* **Directions for this task**
Wherever a line of the data contains "shirt", copy that line.

* **Data shown**
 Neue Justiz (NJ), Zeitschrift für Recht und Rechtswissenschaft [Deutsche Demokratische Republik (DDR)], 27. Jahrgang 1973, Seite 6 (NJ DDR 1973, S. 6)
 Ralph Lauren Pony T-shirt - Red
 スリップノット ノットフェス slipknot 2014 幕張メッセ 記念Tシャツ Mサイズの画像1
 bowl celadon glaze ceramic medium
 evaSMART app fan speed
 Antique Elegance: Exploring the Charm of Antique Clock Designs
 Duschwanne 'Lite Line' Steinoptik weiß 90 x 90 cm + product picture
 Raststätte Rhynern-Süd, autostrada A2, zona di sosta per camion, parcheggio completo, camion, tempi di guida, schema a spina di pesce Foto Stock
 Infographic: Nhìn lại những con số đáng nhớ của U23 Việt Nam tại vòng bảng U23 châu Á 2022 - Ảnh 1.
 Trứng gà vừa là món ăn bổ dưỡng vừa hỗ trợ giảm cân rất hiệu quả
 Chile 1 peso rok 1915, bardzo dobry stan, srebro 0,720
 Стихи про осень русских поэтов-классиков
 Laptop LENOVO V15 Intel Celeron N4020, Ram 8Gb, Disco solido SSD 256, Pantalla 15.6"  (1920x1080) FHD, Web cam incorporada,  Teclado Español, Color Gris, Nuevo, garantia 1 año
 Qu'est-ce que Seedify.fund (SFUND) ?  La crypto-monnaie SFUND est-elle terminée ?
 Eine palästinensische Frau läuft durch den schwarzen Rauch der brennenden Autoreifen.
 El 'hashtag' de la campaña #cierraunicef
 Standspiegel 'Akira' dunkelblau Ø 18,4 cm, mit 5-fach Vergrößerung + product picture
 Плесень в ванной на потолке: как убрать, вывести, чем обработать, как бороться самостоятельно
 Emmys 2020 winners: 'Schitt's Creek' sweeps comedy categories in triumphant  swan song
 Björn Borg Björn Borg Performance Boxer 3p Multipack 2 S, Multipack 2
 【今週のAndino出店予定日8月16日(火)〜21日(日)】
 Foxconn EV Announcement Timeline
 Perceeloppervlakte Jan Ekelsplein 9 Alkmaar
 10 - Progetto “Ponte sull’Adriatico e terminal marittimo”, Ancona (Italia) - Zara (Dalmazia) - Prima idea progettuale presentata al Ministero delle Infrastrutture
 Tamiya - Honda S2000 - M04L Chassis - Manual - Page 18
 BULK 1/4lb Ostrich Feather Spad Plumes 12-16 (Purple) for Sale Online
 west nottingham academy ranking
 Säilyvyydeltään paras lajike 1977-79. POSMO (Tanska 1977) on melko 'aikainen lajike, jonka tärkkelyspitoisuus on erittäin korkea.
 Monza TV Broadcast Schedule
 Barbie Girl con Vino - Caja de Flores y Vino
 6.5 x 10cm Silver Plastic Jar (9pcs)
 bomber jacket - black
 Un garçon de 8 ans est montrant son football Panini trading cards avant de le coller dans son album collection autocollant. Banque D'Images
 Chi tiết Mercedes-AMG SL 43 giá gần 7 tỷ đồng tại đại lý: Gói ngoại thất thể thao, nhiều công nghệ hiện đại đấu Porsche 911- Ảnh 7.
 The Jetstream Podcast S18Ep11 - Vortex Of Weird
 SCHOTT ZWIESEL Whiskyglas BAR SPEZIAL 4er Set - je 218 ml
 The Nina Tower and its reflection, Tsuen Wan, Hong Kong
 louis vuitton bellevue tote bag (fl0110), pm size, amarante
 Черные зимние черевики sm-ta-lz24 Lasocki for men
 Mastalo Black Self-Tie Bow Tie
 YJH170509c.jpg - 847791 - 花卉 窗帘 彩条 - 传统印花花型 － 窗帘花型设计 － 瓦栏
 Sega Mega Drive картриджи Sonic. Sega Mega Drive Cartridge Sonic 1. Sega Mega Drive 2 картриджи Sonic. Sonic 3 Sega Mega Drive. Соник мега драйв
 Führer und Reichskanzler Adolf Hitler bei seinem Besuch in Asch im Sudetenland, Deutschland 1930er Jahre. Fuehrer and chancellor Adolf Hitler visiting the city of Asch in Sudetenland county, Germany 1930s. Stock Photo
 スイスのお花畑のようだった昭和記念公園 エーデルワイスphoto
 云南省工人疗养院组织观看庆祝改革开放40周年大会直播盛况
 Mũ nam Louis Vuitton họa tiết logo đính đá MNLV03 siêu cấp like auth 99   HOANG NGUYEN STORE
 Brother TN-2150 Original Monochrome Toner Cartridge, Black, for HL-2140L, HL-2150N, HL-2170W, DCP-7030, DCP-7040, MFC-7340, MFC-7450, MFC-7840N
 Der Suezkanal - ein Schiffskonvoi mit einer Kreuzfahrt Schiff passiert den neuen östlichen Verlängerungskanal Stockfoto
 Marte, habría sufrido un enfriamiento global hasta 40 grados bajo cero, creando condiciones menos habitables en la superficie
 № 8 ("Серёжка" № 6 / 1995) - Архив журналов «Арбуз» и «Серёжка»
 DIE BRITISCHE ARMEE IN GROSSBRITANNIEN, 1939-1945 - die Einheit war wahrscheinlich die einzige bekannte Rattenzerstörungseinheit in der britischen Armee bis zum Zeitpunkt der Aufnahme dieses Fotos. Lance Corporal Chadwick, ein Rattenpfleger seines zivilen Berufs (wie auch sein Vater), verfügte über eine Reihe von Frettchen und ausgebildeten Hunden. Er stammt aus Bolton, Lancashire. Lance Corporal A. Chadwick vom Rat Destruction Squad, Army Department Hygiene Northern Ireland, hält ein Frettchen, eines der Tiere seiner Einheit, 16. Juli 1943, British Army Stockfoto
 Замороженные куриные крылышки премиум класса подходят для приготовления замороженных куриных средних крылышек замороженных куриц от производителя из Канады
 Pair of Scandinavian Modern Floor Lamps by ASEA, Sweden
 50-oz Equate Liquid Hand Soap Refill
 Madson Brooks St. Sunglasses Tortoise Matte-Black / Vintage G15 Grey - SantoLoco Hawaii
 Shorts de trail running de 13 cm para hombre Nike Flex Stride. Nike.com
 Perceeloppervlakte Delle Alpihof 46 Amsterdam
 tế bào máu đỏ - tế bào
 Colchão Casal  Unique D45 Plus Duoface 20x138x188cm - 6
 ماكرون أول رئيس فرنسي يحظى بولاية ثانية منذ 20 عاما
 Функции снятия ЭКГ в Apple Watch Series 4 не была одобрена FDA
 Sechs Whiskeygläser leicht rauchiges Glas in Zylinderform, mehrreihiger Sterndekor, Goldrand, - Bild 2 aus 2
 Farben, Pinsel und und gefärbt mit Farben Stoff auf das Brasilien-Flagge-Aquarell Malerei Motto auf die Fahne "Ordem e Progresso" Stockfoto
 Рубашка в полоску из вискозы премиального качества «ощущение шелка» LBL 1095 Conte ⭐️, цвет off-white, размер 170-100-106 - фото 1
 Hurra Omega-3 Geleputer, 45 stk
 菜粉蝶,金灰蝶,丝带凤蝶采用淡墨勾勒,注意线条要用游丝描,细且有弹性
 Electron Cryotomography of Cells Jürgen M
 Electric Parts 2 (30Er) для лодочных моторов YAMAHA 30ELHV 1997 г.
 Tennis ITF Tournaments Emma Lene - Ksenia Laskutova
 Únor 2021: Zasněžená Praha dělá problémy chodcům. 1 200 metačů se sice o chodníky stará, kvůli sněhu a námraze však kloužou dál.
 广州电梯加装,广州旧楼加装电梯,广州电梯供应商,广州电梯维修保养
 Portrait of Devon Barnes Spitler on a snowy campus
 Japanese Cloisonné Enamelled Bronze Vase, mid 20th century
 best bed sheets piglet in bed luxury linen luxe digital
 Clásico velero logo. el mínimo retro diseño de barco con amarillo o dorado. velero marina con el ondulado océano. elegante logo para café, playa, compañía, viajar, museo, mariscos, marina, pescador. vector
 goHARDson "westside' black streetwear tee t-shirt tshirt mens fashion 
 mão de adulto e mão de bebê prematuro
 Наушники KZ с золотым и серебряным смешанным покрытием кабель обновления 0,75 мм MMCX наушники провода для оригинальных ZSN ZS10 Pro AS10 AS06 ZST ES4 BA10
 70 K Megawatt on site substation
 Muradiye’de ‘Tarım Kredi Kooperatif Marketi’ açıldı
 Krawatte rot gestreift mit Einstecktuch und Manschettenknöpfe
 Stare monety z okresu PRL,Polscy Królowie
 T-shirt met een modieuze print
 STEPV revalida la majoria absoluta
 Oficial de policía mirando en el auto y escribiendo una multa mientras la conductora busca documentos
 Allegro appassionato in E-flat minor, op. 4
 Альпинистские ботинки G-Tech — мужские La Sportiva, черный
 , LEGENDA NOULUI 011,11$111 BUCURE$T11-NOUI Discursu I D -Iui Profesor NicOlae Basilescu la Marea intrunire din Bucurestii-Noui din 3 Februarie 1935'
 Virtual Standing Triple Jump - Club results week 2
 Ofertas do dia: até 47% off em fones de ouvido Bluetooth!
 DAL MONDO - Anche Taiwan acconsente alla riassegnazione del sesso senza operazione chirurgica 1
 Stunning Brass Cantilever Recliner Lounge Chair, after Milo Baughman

* **Your response**
 Ralph Lauren Pony T-shirt - Red
 goHARDson "westside' black streetwear tee t-shirt tshirt mens fashion 
 T-shirt met een modieuze print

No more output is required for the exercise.